Journalist-activist Manuel Delia has opened up about events in his life which weigh on his conscience, including giving small bribes to Zimbabwe airport officials to help him get through passport control quickly.
“I knew that if I didn’t leave $20 in my passport, I’d have to spend six hours waiting at passport control,” Delia, who used to work in Africa, said in a podcast with Jon Mallia.
“Can you say I’m corrupt too? We all have things that weigh on our conscience, as do I, and I’m confessing to it.”
In his interview, Delia also revealed he regrets not doing more to push for the expulsion of former MP Jeffrey Pullicino Orlando from the Nationalist Party in light of the Mistra scandal.
Back then, Delia worked in the secretariat of former Transport Minister Austin Gatt.
“When I saw Pullicino Orlando crying and accusing [then PL leader] Alfred Sant of lying about him, I felt bad for him and would have voted for him if he was on my district,” he said.
“However, I got angry when I found out that Sant was right and it weighs on my conscience that I did nothing about it. I spoke internally but that’s it. The PN had a one-seat parliamentary majority at the time and they placed politics over ethics, when they should have kicked him out.”
And jogging his memory even further back, Delia said he had found out in the 90s that former Finance Minister John Dalli had offered his colleague illicit payments to convince him to join his ministry.
“Dalli tried to poach my colleague and told him he would end up party leader one day, and my colleague asked him if his salary will be the same – seeing as salary levels are set by Parliament. However, Dalli told him that he will give him some extra cash on the side every month which wouldn’t be declared.”
“He was Finance Minister at the time and I was shocked when I found out, but I didn’t do anything.”

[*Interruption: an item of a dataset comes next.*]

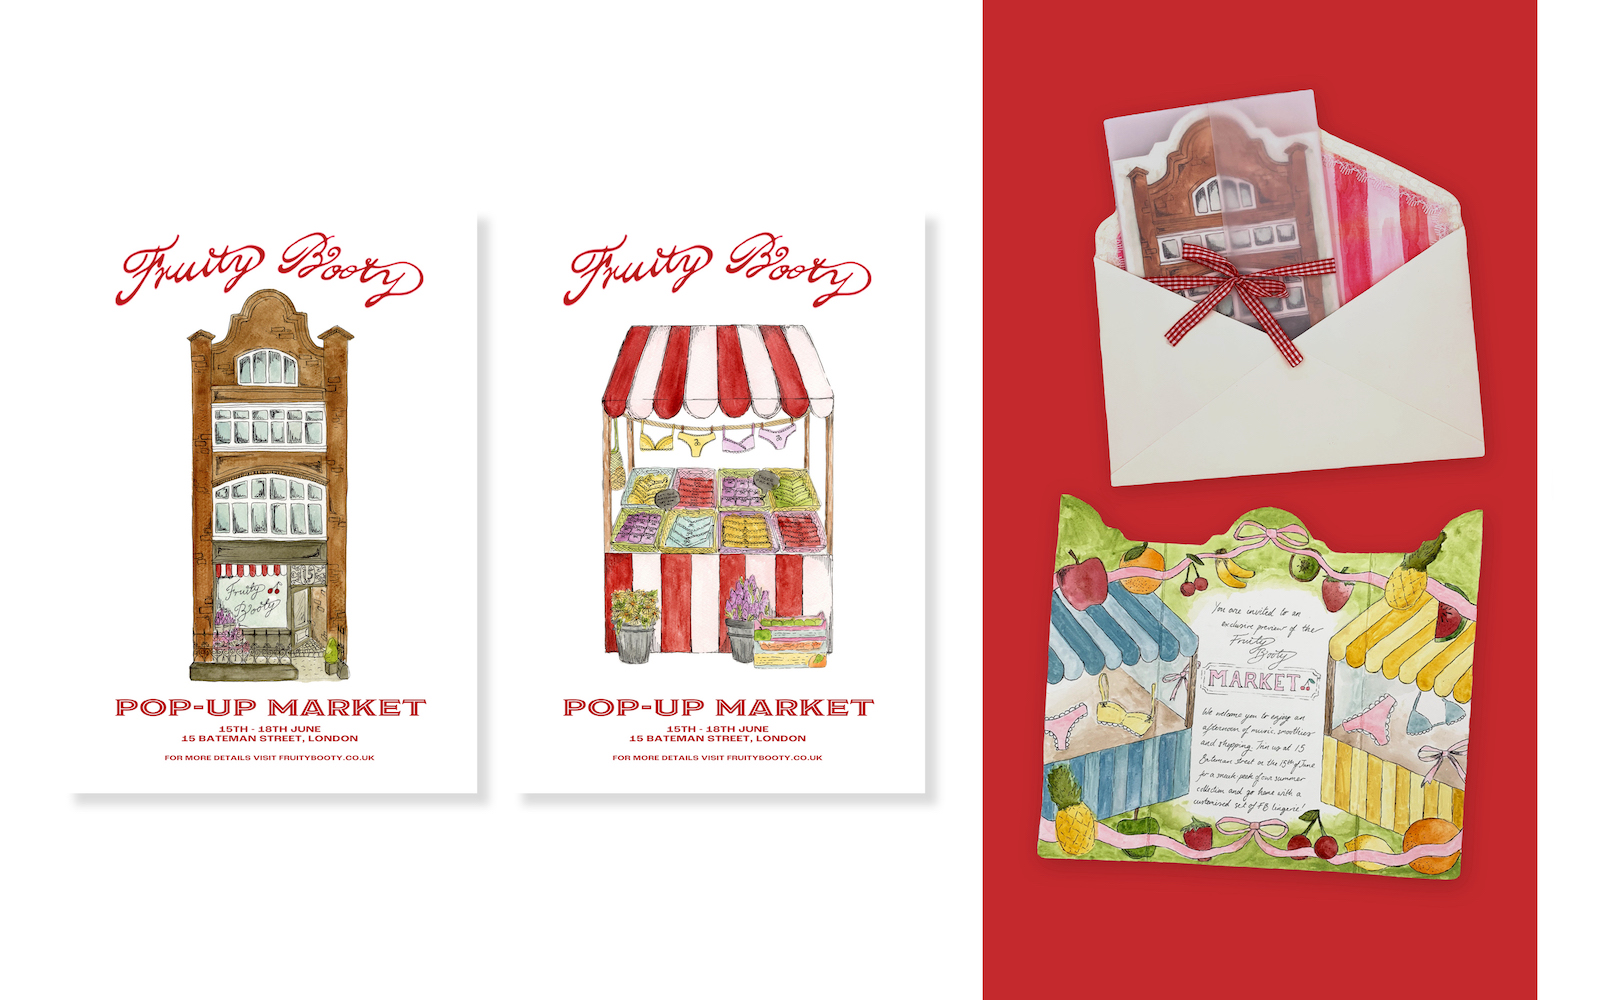 Posters and invitations designed by Elle Hart, both assets are illustrated using watercolour.
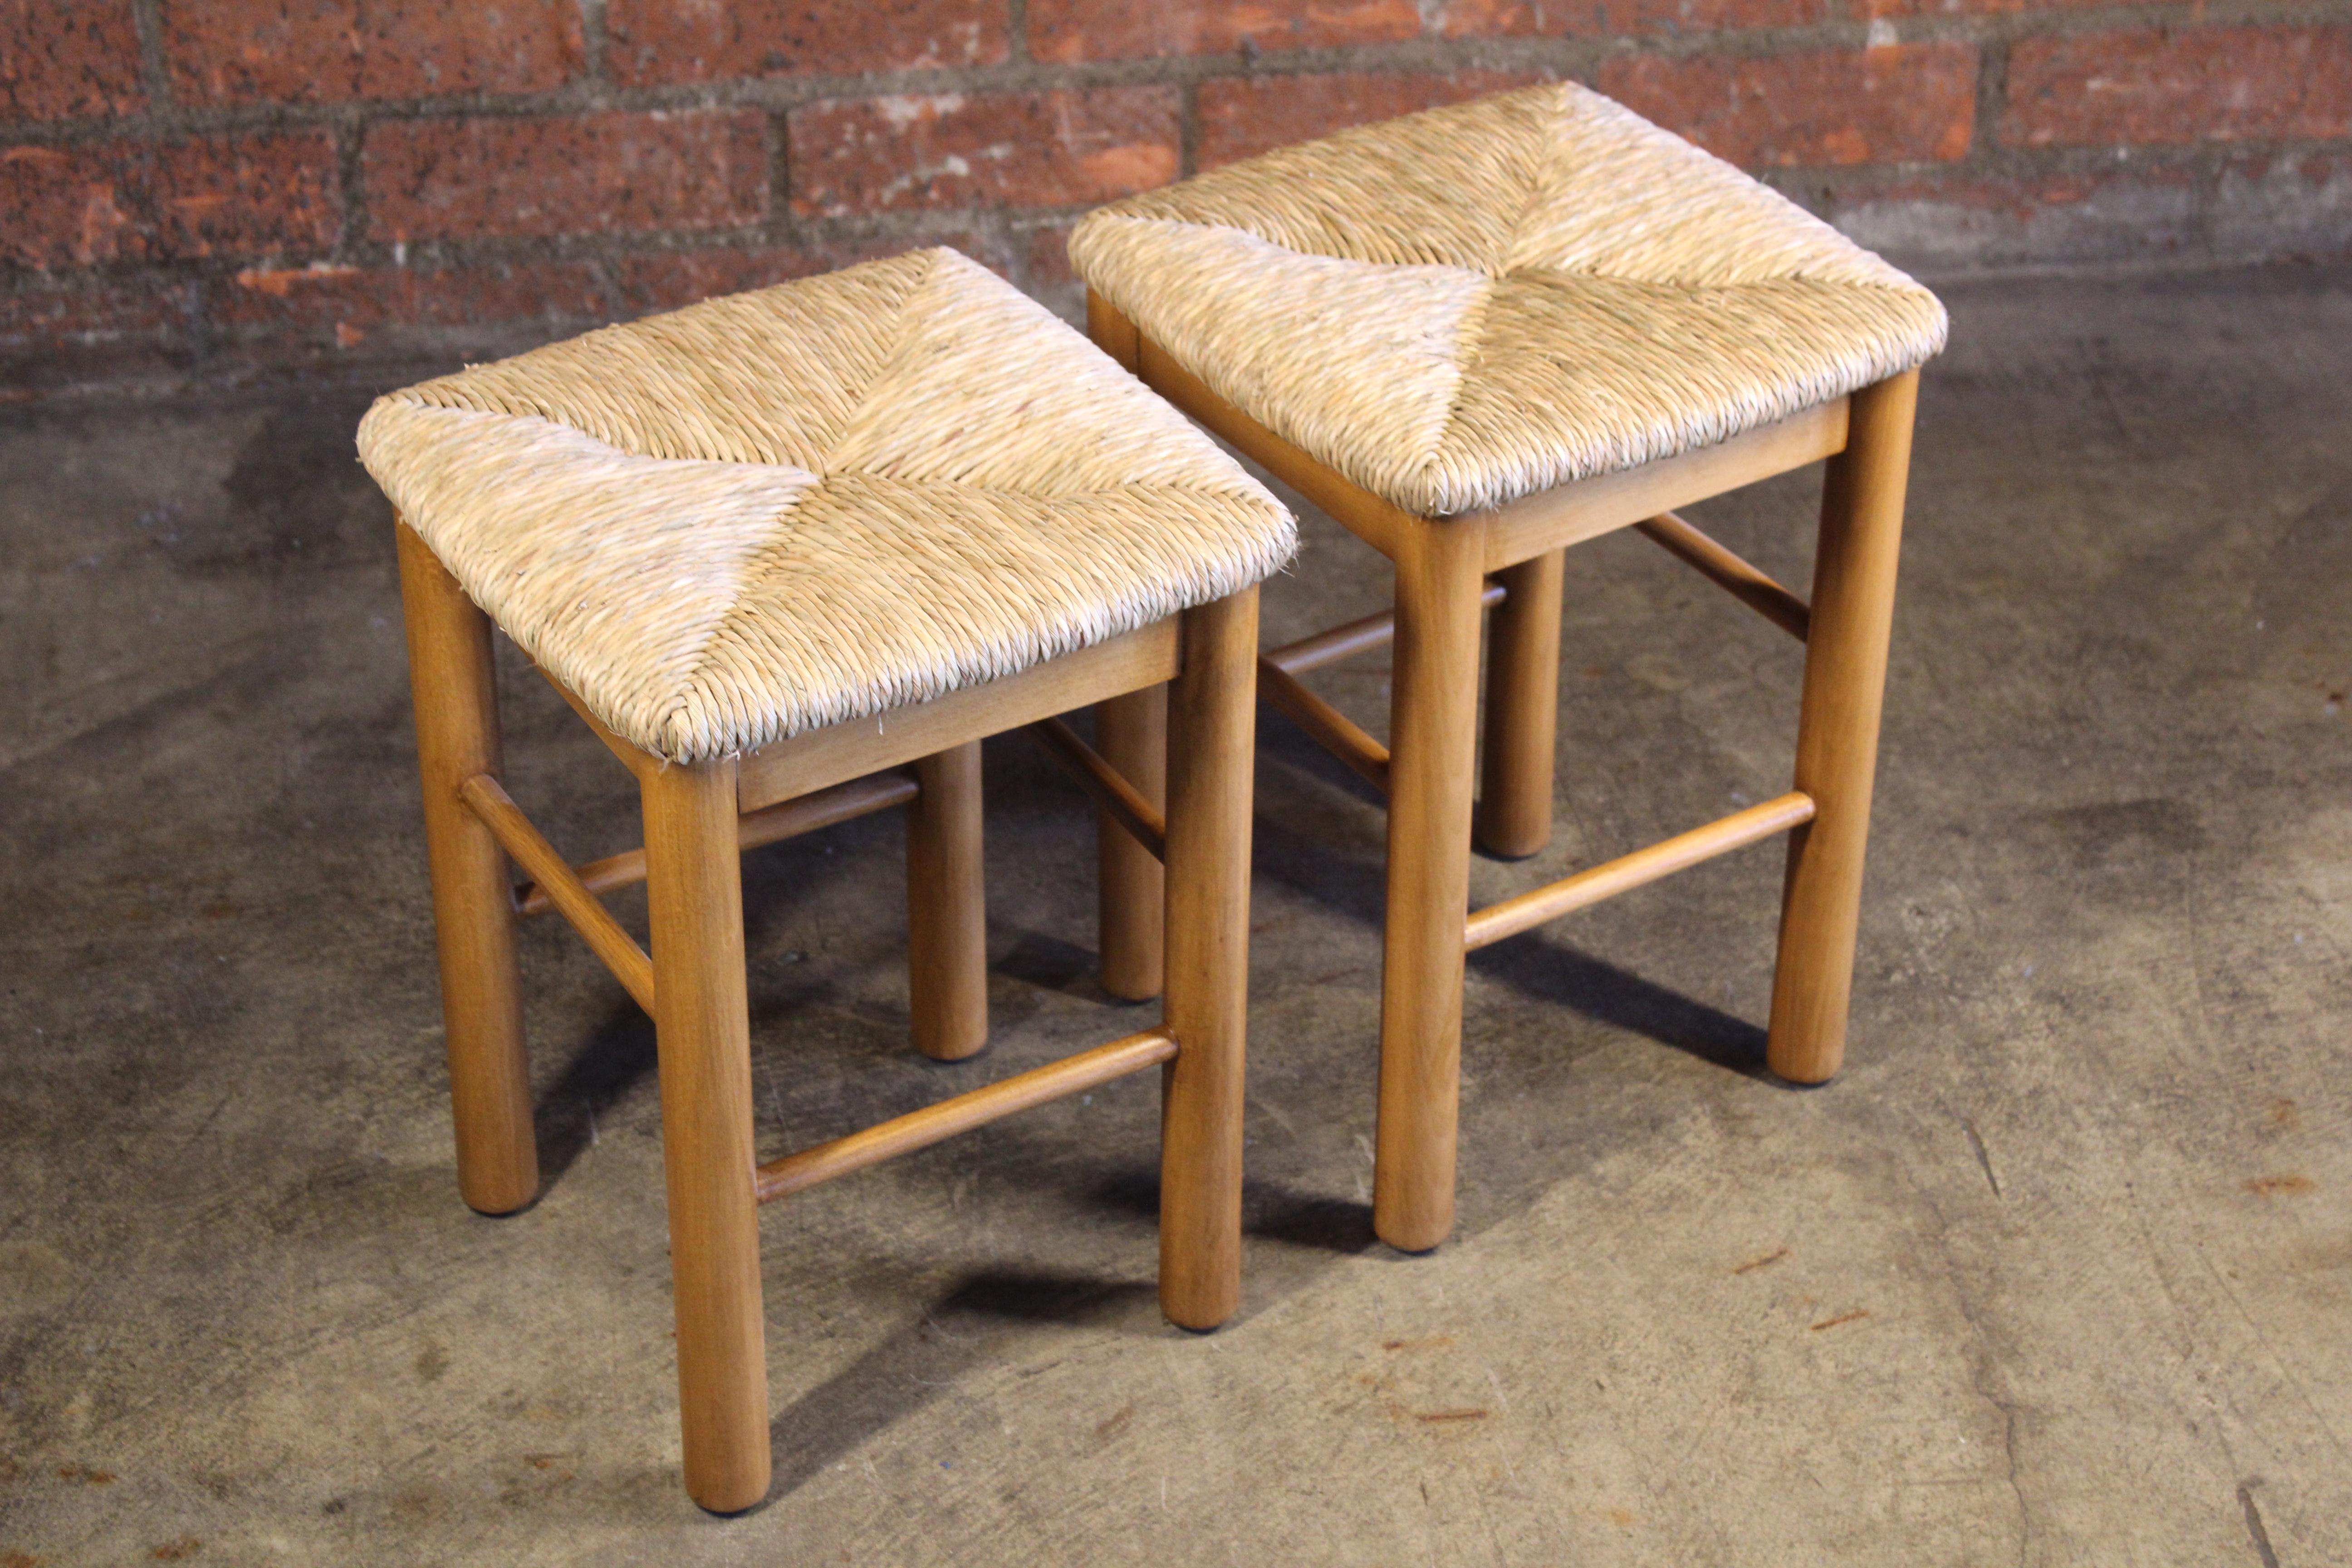 Pair of 1960s French stools with new natural rush woven seats.

However, Delia said that while such events prick his conscience, it’s balanced out by how he rejected other events during his tenure in public life.
“I often went on work holidays often but refused to take advantage of frequent flier miles, even though there were no rules about it, because those benefitted me personally while my trip was government work.”
“Once, I helped organise parking in Valletta and had a meeting with a cinema manager where we sorted some things out. He gave me two free cinema tickets but I sent them back because I was just doing my job; I assuaged my conscience that way.”